* Task statement
Every line below from the one with "Monster Oversized Monster" through the one with "Руководитель ГК ЛКС" is to be repeated exactly, with no picture among them.

* Information given
═══

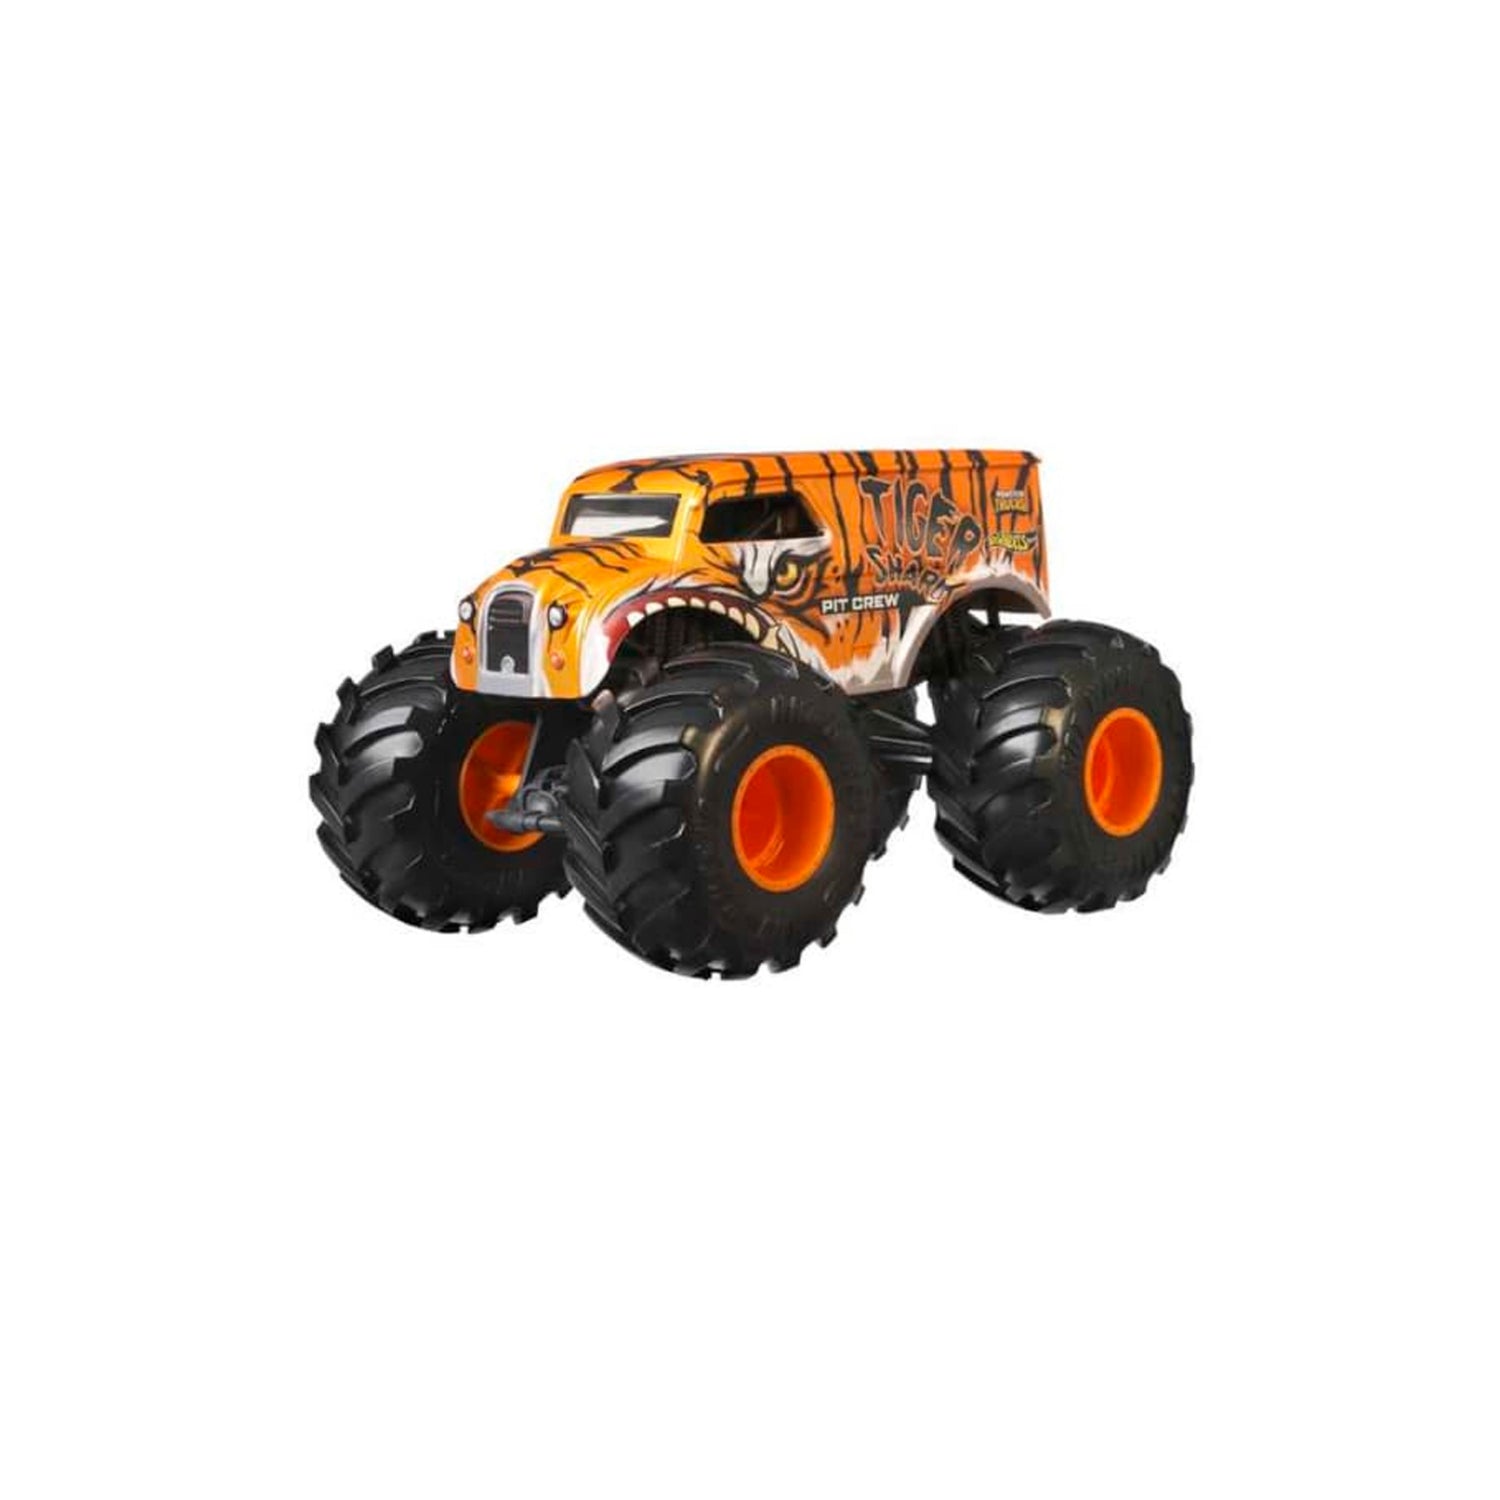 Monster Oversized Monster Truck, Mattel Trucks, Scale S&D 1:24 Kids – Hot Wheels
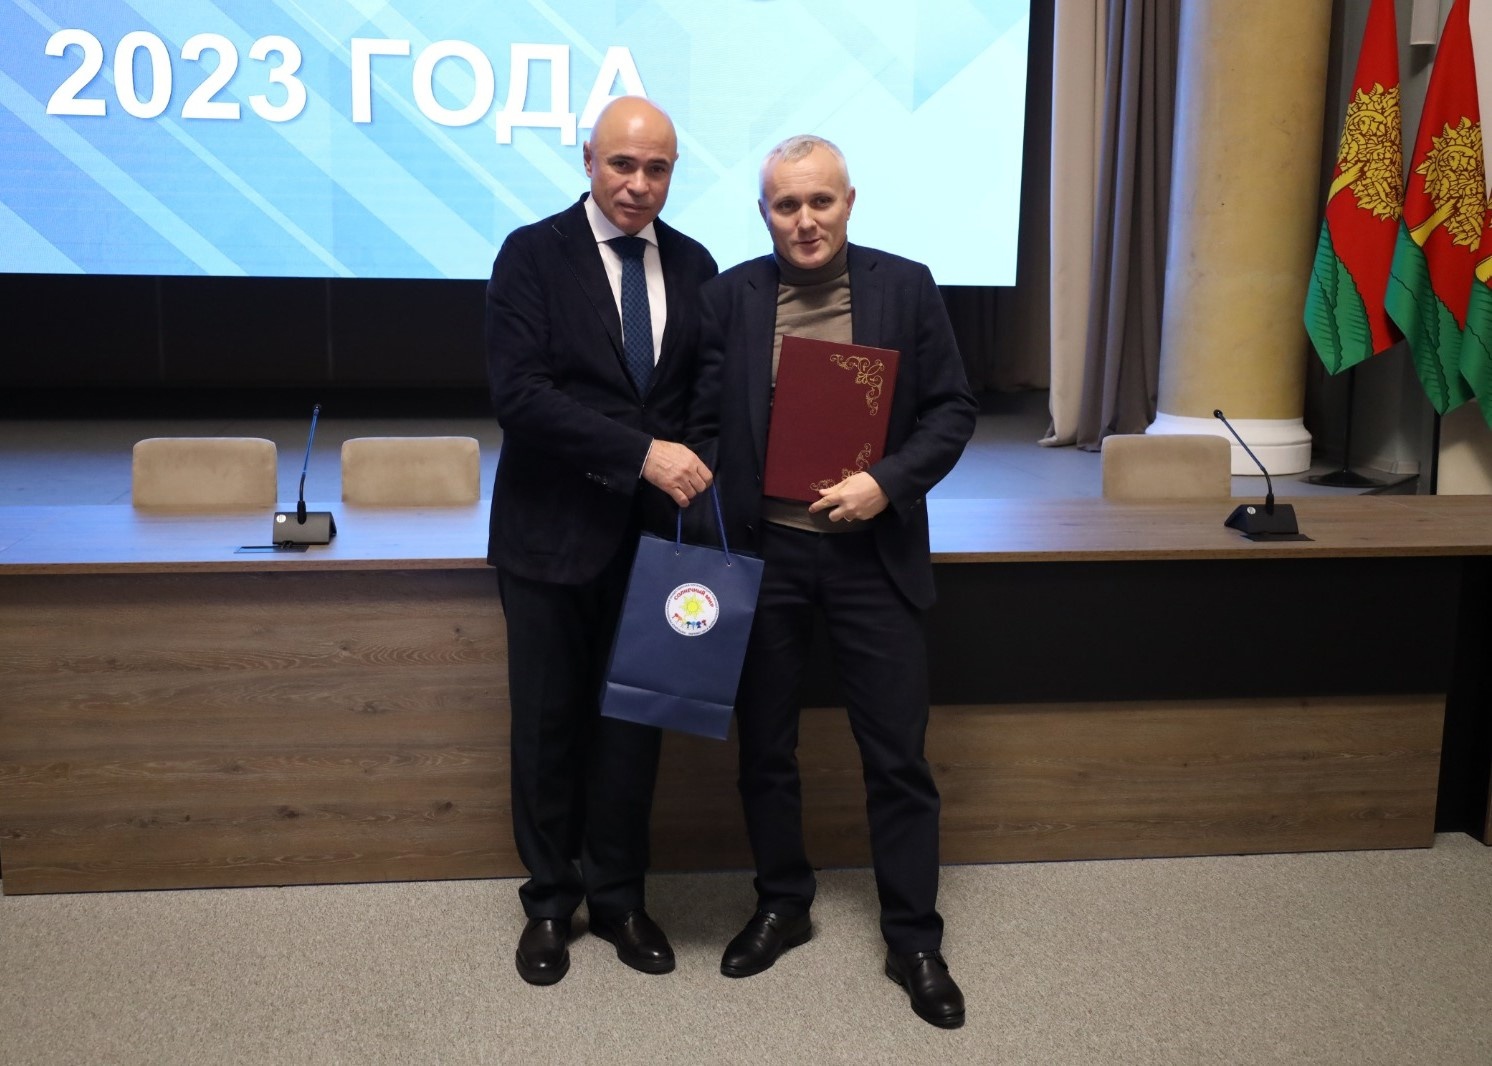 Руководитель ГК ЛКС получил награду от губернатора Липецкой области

═══

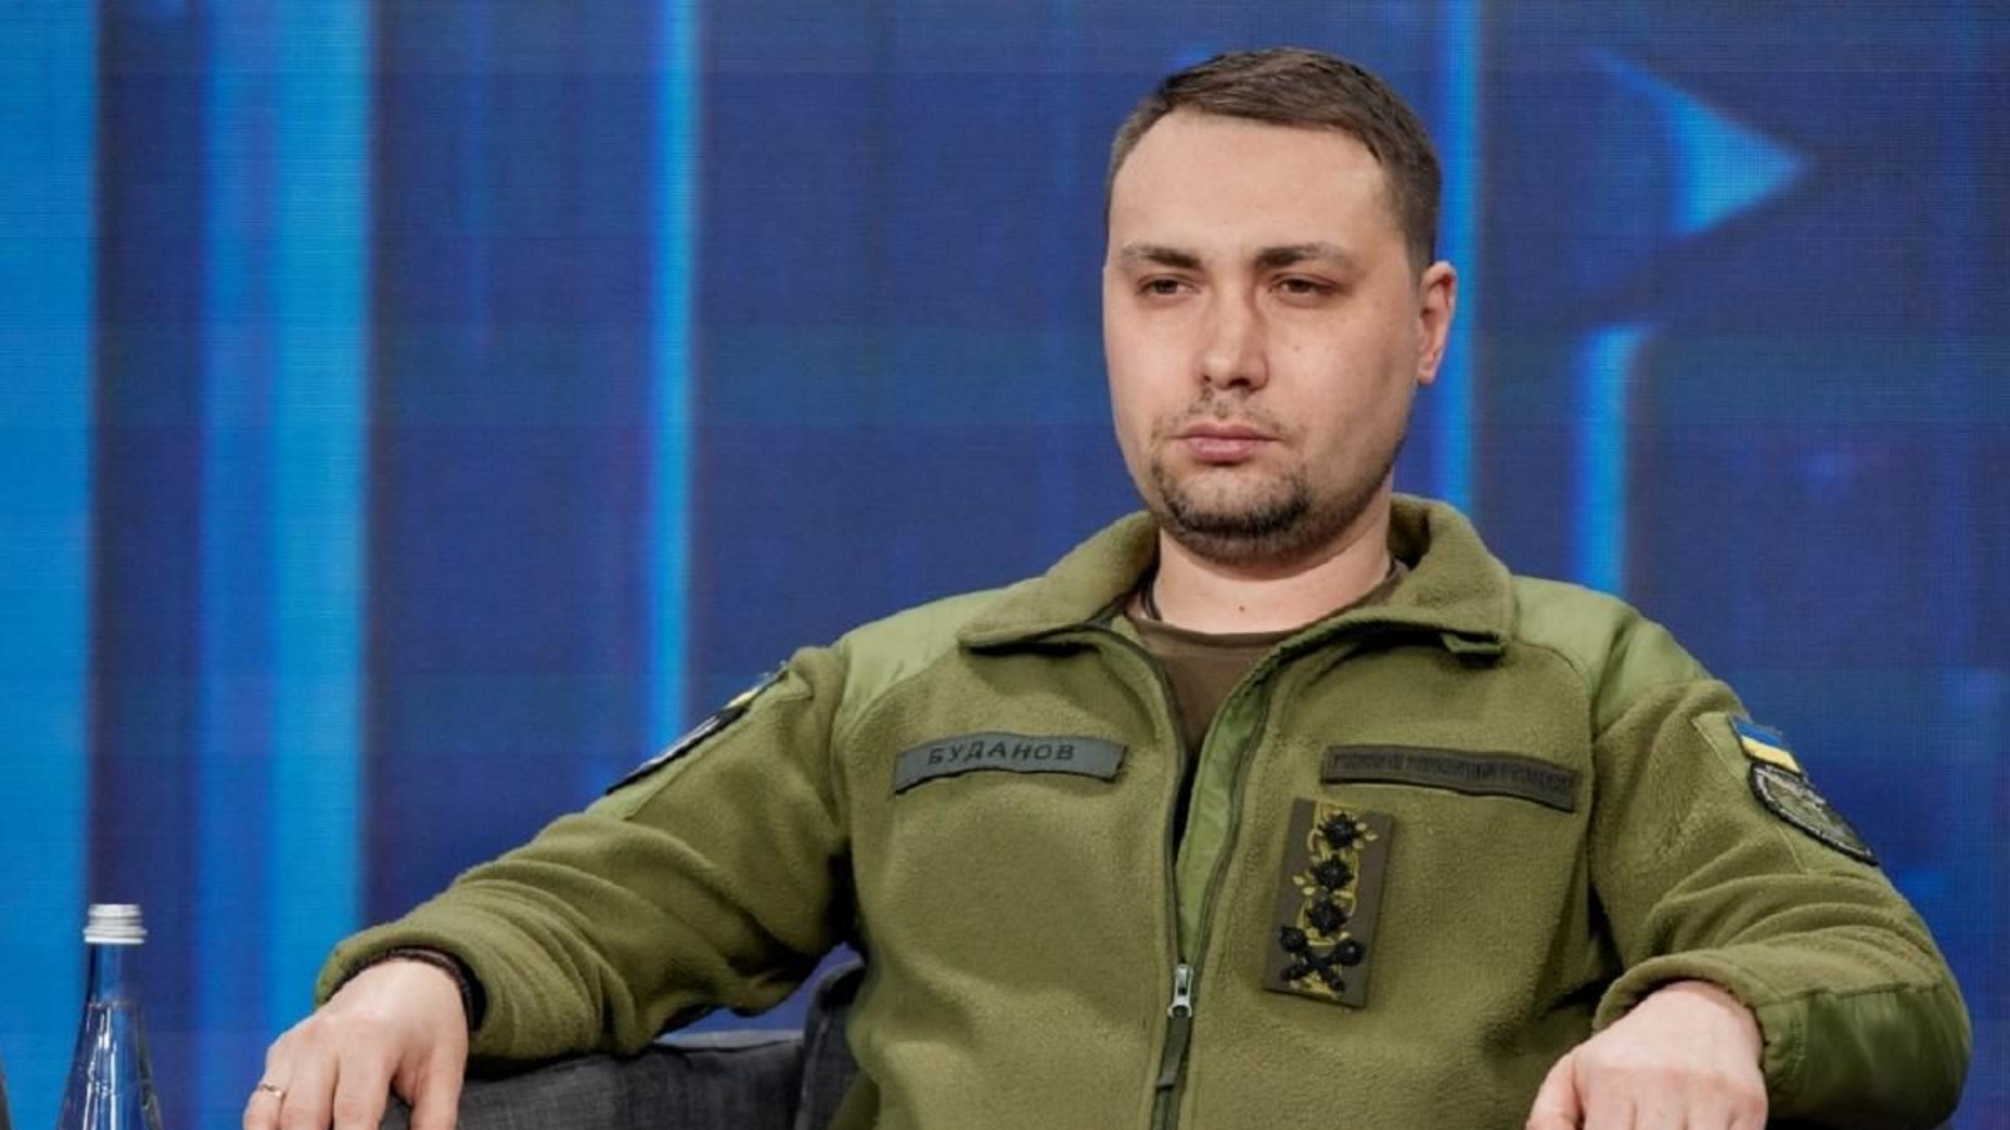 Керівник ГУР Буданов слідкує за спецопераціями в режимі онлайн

═══

* Result of the exercise
 Monster Oversized Monster Truck, Mattel Trucks, Scale S&D 1:24 Kids – Hot Wheels
 Руководитель ГК ЛКС получил награду от губернатора Липецкой области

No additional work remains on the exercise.